Computer-readable media includes physical computer storage media. A
storage medium may be any available medium that can be accessed by
a computer. By way of example, and not limitation, such
computer-readable media can comprise RAM, ROM, Flash Memory,
EEPROM, CD-ROM or other optical disk storage, magnetic disk storage
or other magnetic storage devices, or any other medium that can be
used to store desired program code in the form of instructions or
data structures and that can be accessed by a computer; disk and
disc, as used herein, includes compact disc (CD), laser disc,
optical disc, digital versatile disc (DVD), floppy disk and blu-ray
disc where disks usually reproduce data magnetically, while discs
reproduce data optically with lasers. Combinations of the above
should also be included within the scope of computer-readable
media.
[0052] FIG. 6 is a functional block diagram of an image processing
system 600. As shown, object recognition system 600 includes an
example mobile platform 602 that includes a camera (not shown in
current view) capable of capturing images of a scene including
object 614. Feature database 612 may include data, including
environment (online) and target (offline) map data.
[0053] The mobile platform 602 may include a display to show images
captured by the camera and/or any up sampled images generated as a
result of the processes discussed herein. The mobile platform 602
may also be used for navigation based on, e.g., determining its
latitude and longitude using signals from a satellite positioning
system (SPS), which includes satellite vehicle(s) 606, or any other
appropriate source for determining position including cellular
tower(s) 604 or wireless communication access points 705. The
mobile platform 602 may also include orientation sensors, such as a
digital compass, accelerometers or gyroscopes that can be used to
determine the orientation of the mobile platform 602.
[0054] A satellite positioning system (SPS) typically includes a
system of transmitters positioned to enable entities to determine
their location on or above the Earth based, at least in part, on
signals received from the transmitters.
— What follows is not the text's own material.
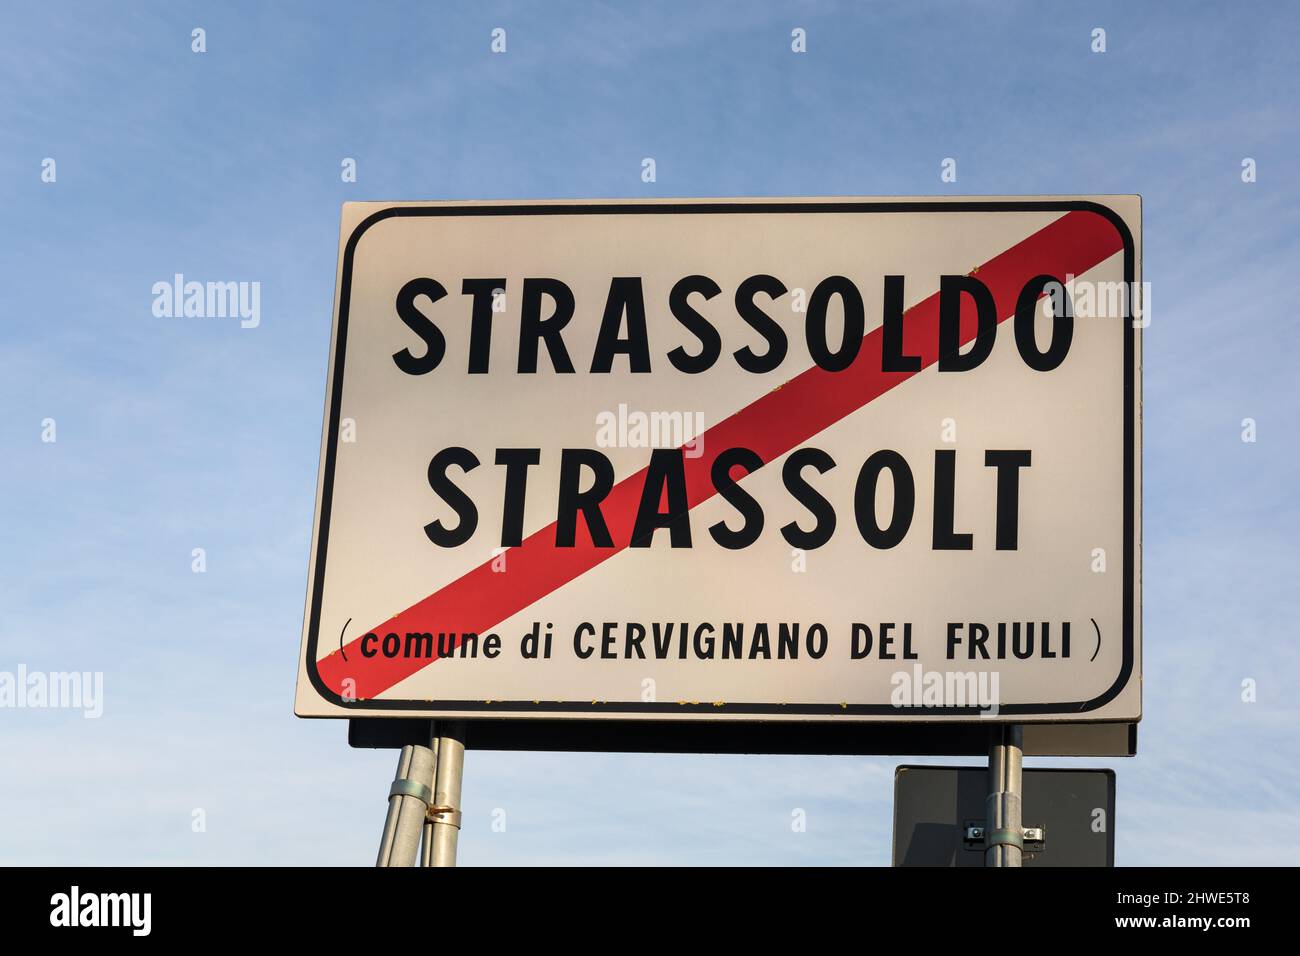 Strassoldo road sign, Italy Stock Photo

Such a transmitter
typically transmits a signal marked with a repeating pseudo-random
noise (PN) code of a set number of chips and may be located on
ground based control stations, user equipment and/or space
vehicles. In a particular example, such transmitters may be located
on Earth orbiting satellite vehicles (SVs) 606. For example, a SV
in a constellation of Global Navigation Satellite System (GNSS)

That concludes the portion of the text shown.